Pressure measuring instruments, due to the different critical factors of their process, must offer high reliability, sensitivity and accuracy in their measurements. Therefore, periodic preventive maintenance, including calibration, is required.
The time interval at which any measuring instrument should be calibrated depends on its use. Calibration periods should be appropriate to ensure confidence in its measurements.
There are many variables on which this period will depend:
- Accuracy class.
- The criticality of a measurement location.
- The workload or operating conditions.
- Stability history.
- International standards or specific quality systems.
- Overload outside its allowable overload limit.
- Incorrect handling.
- Uncertainty or tolerance required.
- Manufacturer’s recommendation.
Some international standards recommend fixed recalibration intervals, but deciding when to recalibrate a measuring instrument is the responsibility of the user. Only the user and his quality system know the importance of the quality and reliability of the results or what effect a systematic error will have from a safety, production or financial point of view.
Accuracy class: Pressure gauges are available in different accuracy classes. These are specified in ASME B40.100 (accuracy classes from 0.1 to 5% of scale range) and EN 837 (accuracy classes from 0.1 to 4% of scale range).
Depending on whether your pressure gauge is of better accuracy or not, the calibration interval will also depend. A more accurate pressure gauge should be calibrated more frequently than one of lower precision accuracy.
The criticality of a measurement location: When installing a pressure gauge in your process, it is important to know what the accuracy requirements are for that specific location. Not all locations in your process have the same need for accuracy. The specifications of the installed equipment, versus the required need of the installed location, will affect the calibration period. If you install a pressure gauge with a high accuracy class in a location that does not have a high accuracy need, it can be calibrated less frequently.
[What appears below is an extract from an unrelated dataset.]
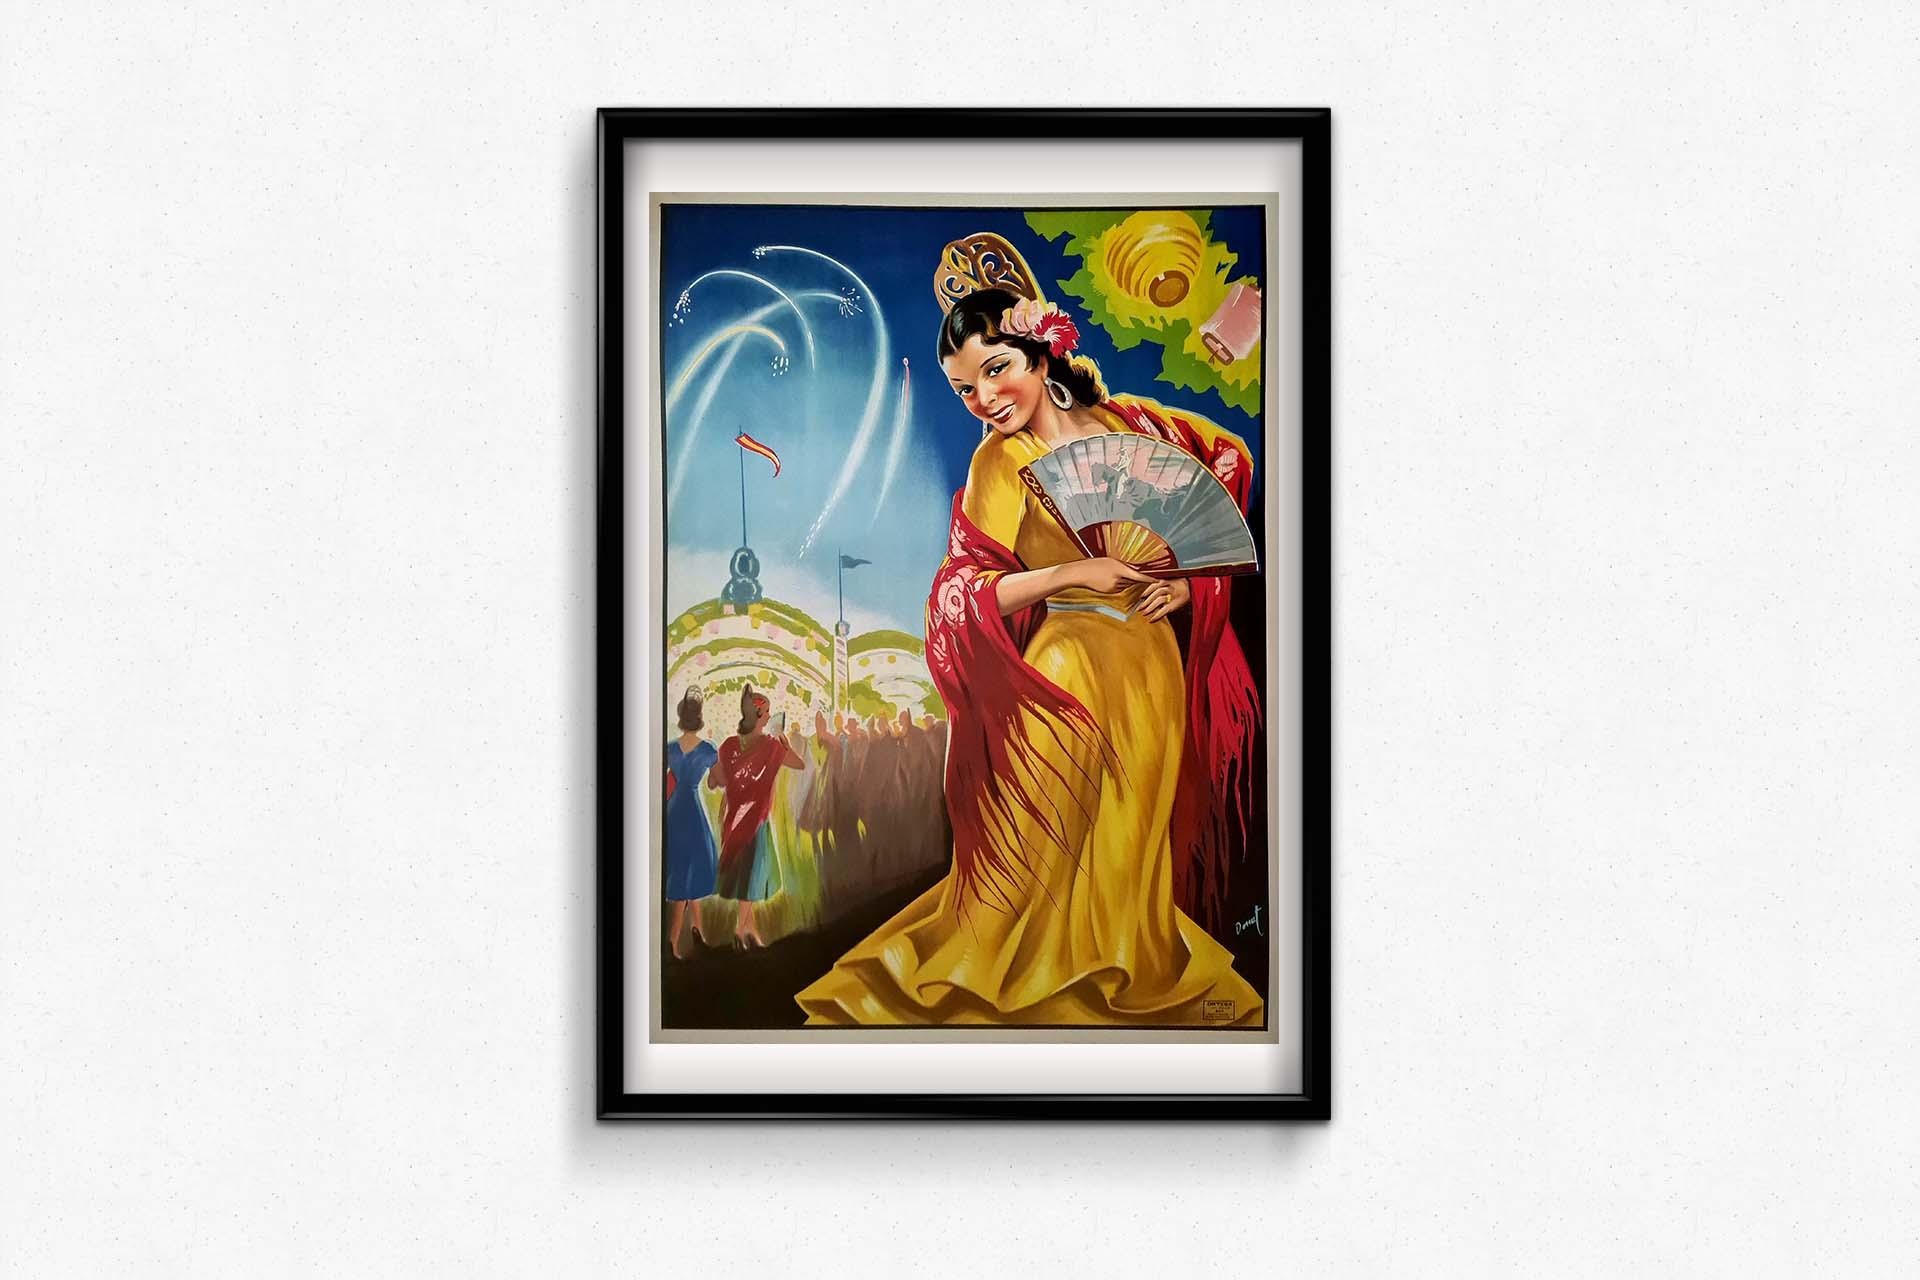 Das Originalplakat von Fiestas Mujer Andaluza aus dem Jahr 1947 verkörpert den lebendigen Geist der andalusischen Kultur und des Feierns. Dieses Kunstwerk ist eine visuelle Einladung, in die reichen Traditionen und Festlichkeiten der Region

The criticality of a measurement location is an important factor related to the time interval at which a pressure gauge should be calibrated. Instruments installed in more critical locations naturally need to be calibrated more frequently than a less critical location.
Workload or operating conditions: The workload and operating conditions of use can also affect how often a pressure gauge should be calibrated. If a measuring instrument is used very frequently and/or is installed and operating under very demanding or aggressive operating conditions, it is good to calibrate it more frequently.
Stability history: A record of periodic intermediate verifications of a pressure gauge should be kept in order to establish its stability history, as this is a very important aspect to establish the calibration time interval. If the gauge has a long history and is found to be very stable, it can be calibrated less frequently. On the contrary, if the history shows that the instrument shows systematic deviations in its measurement and often fails to recalibrate, it should logically be calibrated more frequently.
Standardized methods and applicable calibration software are available to show historical trends in behavior and will therefore help to perform the analysis.
Drift: Knowing the deviations of a pressure gauge can help us in the analysis of calibration frequencies. The drift is the difference of the immediate previous deviation of a pressure gauge in a calibration minus the deviation found in the current calibration.
Drift is calculated by performing repeated calibrations and if it is greater than expected, the calibration frequency should be increased in order to decrease the risk of non-conforming work or product between calibrations.
International standards or specific quality systems: Some international standards recommend calibration periods depending on the type of gauge.
Also in some areas of the companies there are regulatory requirements, standards or quality systems that specify how often the instrument should be calibrated.
In some applications, the costs and/or losses of a measurement failure are so high that it is more economical to calibrate more frequently than to wait for the instrument to fail. This is especially the case in the Pharmaceutical, Food and Beverage and other regulated industries, or in any critical location.
In many industries, the quality of the final product can be tested either by measuring the product or by measuring the product itself.